Organotin-mediated monoacylation of diols with reversed chemoselectivity. Mechanism and selectivity

The monoesterification of unsymmetrically substituted diols, which occurs at the most substituted hydroxyl when activation of the substrate is achieved through its dibutylstannylene acetal, has been investigated to ascertain the origin of the unusual reversal of chemoselectivity. A mechanism in which the dibutylstannylene acetal plays the double role of reagent and catalyst has been established, which accounts for the reactivity, selectivity, and product distribution of the reaction, The reaction pathway involves three subsequent steps, namely, (a) esterification, (b) intra- and intermolecular transesterification, and (c) quench; interplay between kinetic and thermodynamic control over the three steps is responsible for the observed product distribution. The knowledge of the reaction mechanism allows for adjustment of experimental conditions to achieve optimum selectivity, which can be >99% with the appropriate choice of reagents. The stannylation procedure converts hydroxyls into functional groups highly chemoselective toward acyl reagents, but inert toward sulfonyl halides and alkylating reagents. The reactivity of the Sn-O bond has been found to decrease with decreasing the electronegativity of ligands on tin, while halide ligands appear to be essential for reversal of chemoselectivity.

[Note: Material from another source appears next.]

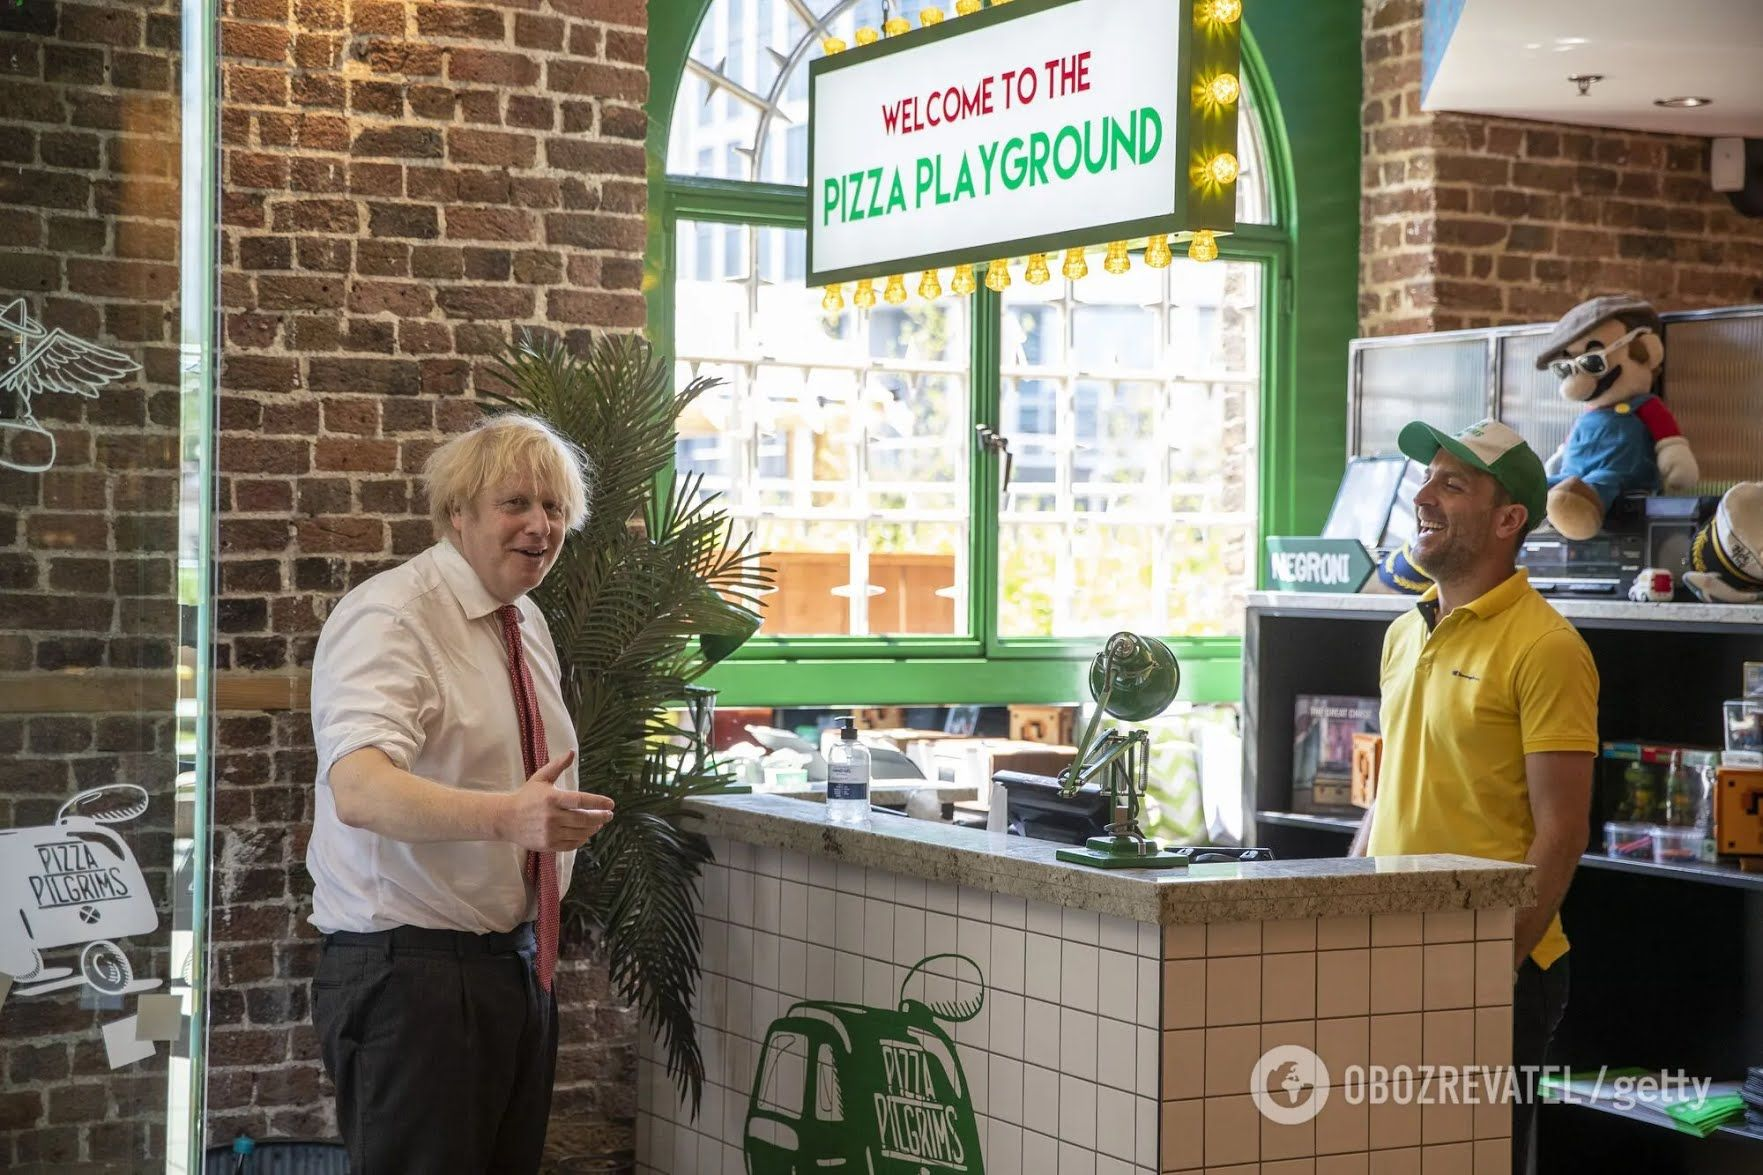 В Британии молодежи будут давать скидки на пиццу за прививку против COVID-19
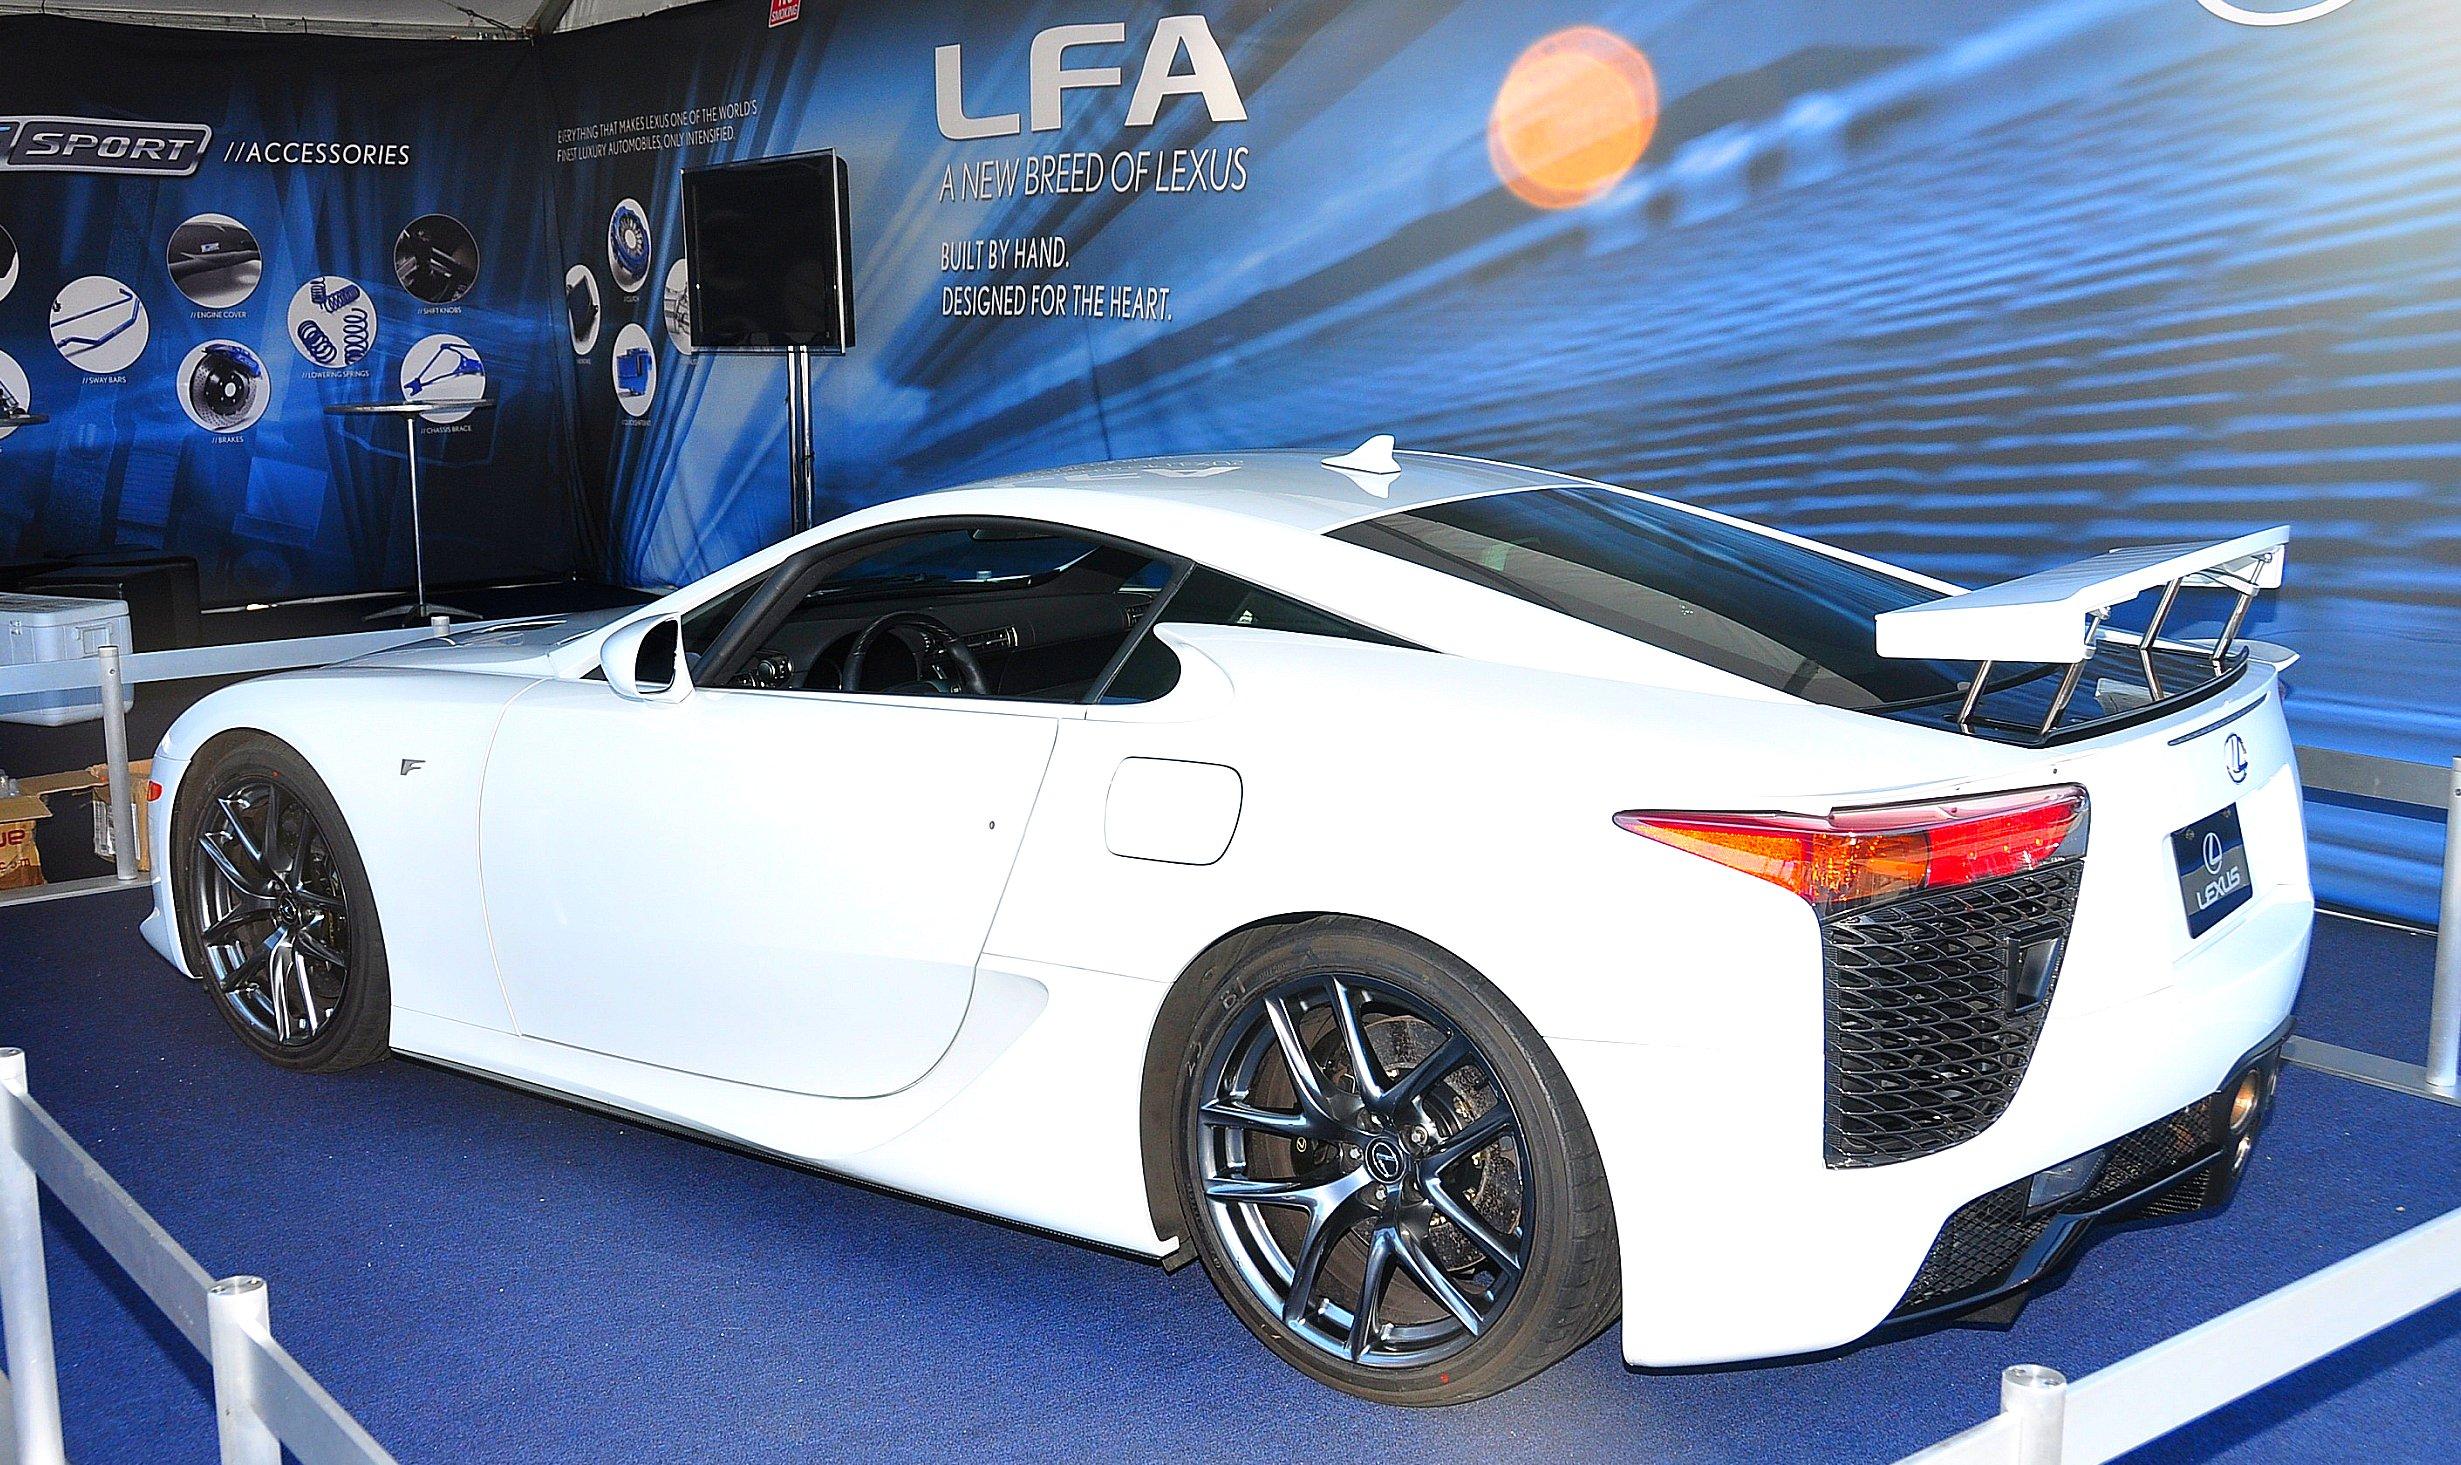 File Lexus Lfa Long Beach Toyotafest Jpg

A structure has been proposed for the catalytic species, in which complexation of the stannyl monoester intermediates with the starting dioxastannolane reagent activates the stannylated oxygen toward addition to the carbonyl and at the same time accounts for the steric hindrance that biases the intramolecular transesterification equilibrium toward the thermodynamically most stable monoester of the most substituted hydroxyl.